個人事業主が青色申告を初めて行う流れは、①承認申請 → ②記帳 → ③決算書作成 → ④申告書作成 → ⑤提出(e-Tax)の5段階です。結論から言うと、今日やるべきことは「青色申告承認申請書の提出」の1つだけ。ここには期限があり(原則その年の3月15日、1月16日以降の開業なら開業日から2か月以内)、過ぎるとその年は白色申告のままになります。残りのステップは、クラウド会計ソフトを使えば大部分を自動化できます。

この記事では、5つのステップを「何を・いつまでに・どうやるか」の順で整理し、後半で「手作業・ソフト・税理士」3つの進め方も比較します。
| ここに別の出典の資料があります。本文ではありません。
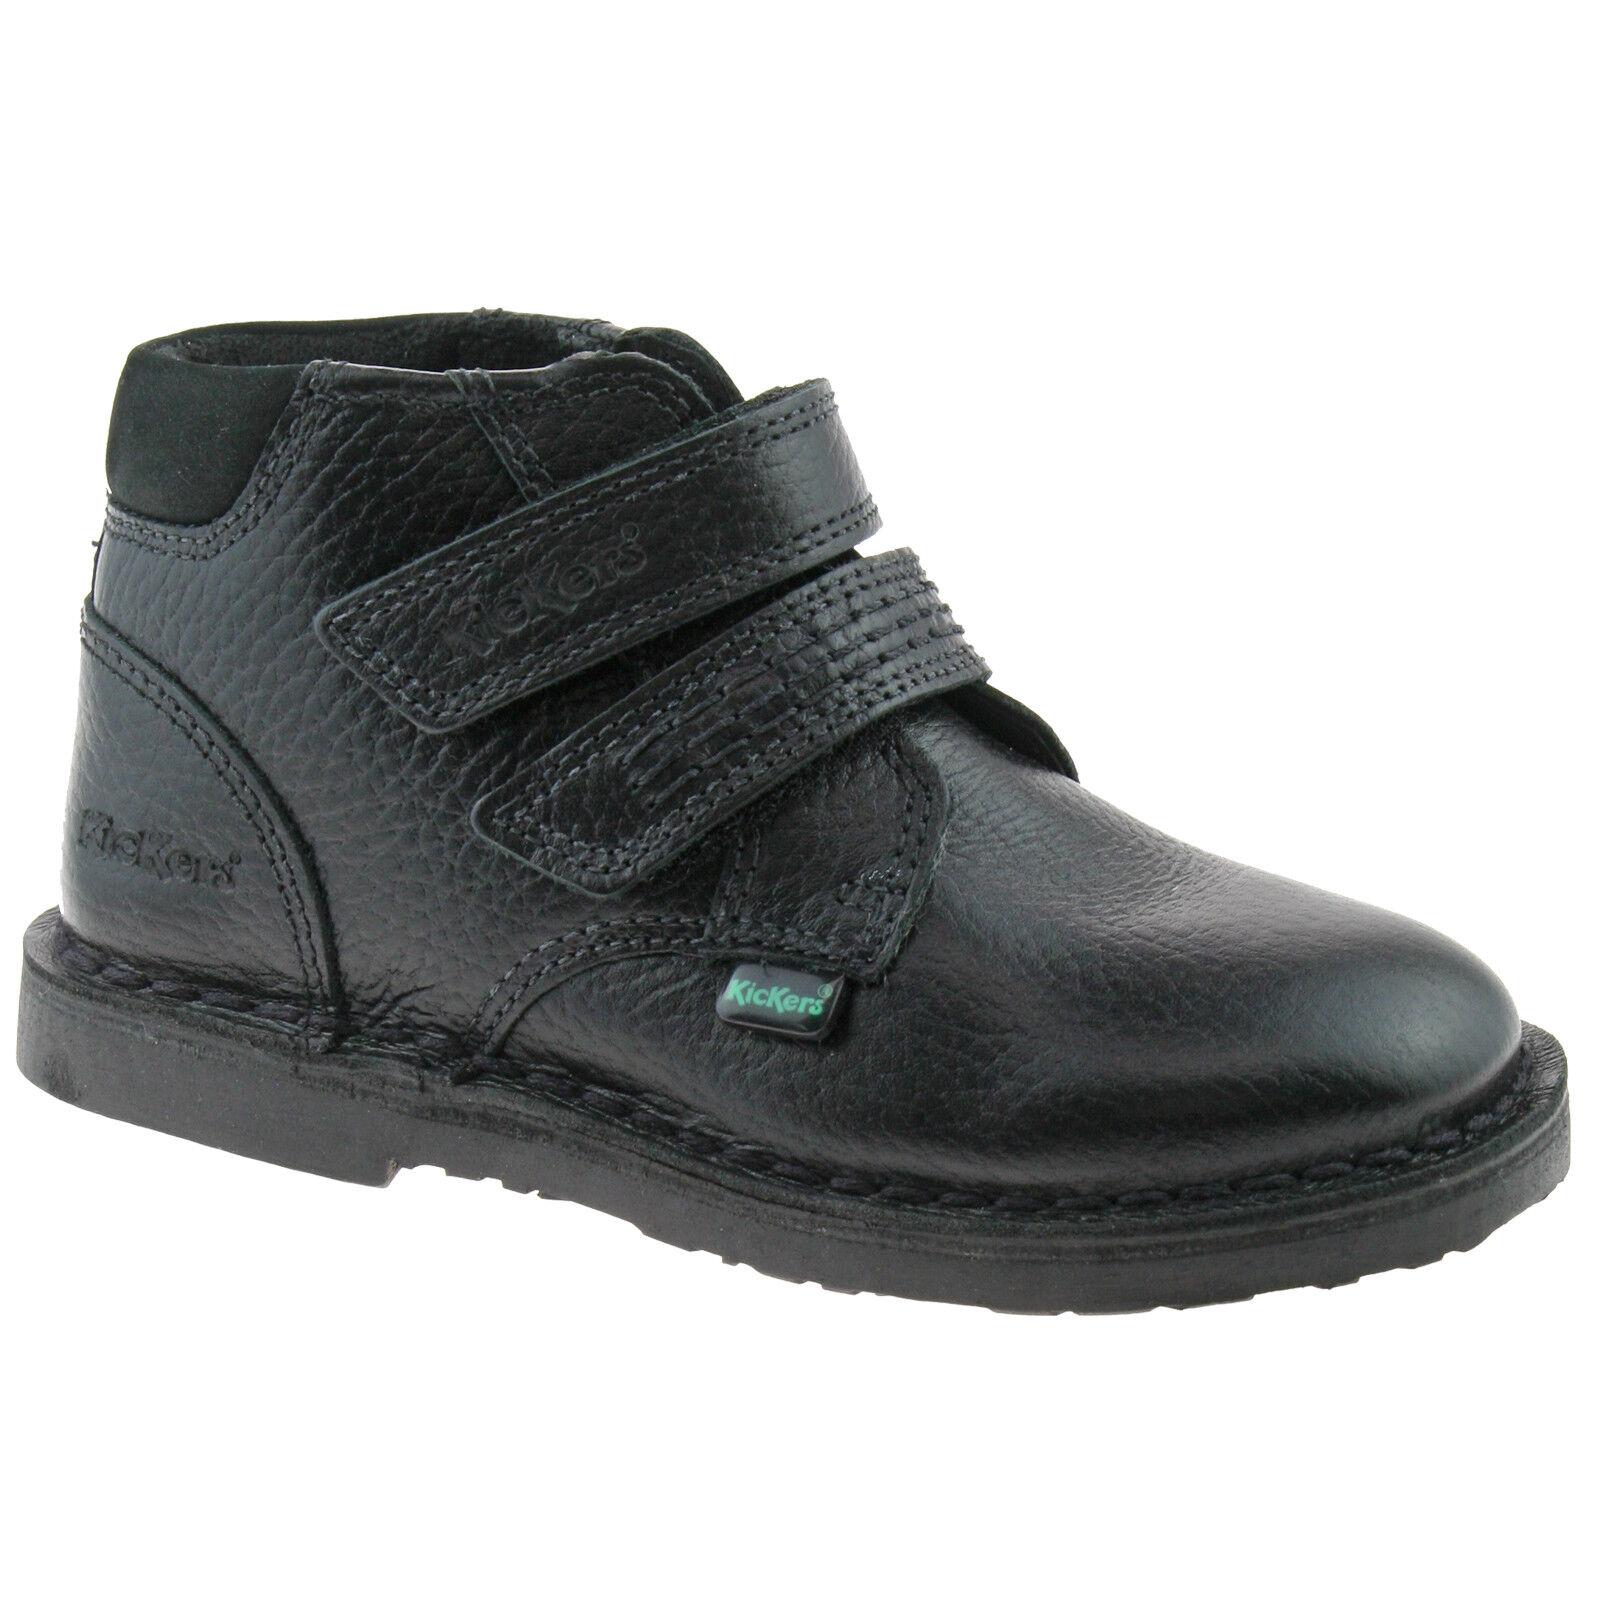 Adlar details about boys infants kickers adlar twin black leather boots sizes 5 -  12 1-14171

読み終わるころには、初めてでも自分の手で完走できる道筋が見えているはずです。

なぜ青色申告にするのか——白色申告との実質的な違い

白色申告でも確定申告はできます。では、なぜわざわざ手間のかかる青色申告に切り替える人が多いのか。答えはシンプルで、同じ売上・同じ経費でも、青色申告に切り替えるだけで課税される所得を圧縮できる可能性があるからです。具体的には次のような違いが出ます。

  • 青色申告特別控除:記帳・申告の方法に応じた3段階の控除(下表)。最大65万円を所得から差し引ける可能性があります。
  • 赤字の繰越:損失を翌年以降最大3年間繰り越せる場合があります。開業初年度が赤字になりやすい事業では、この繰越が効いてきます。
  • 青色事業専従者給与:要件を満たせば家族への給与を経費にできます。家族で事業を回している場合の恩恵が大きい制度です。
  • 貸倒引当金:一定の要件のもとで、将来の貸し倒れに備えた金額を経費として計上できる場合があります。

なかでも初めての人がまず注目すべきは、青色申告特別控除です。控除額は記帳方法と提出方法で3段階に分かれます。

控除額 記帳方法 申告の条件
65万円 複式簿記 貸借対照表・損益計算書を添付し期限内申告+e-Tax申告(または一定の要件を満たす電子帳簿保存)
55万円 複式簿記 貸借対照表・損益計算書を添付し期限内申告(紙提出)
10万円 簡易な記帳でも可 上記の要件に該当しない青色申告者

(国税庁タックスアンサーNo.2072に基づく概要。詳細な要件は国税庁サイトで確認してください)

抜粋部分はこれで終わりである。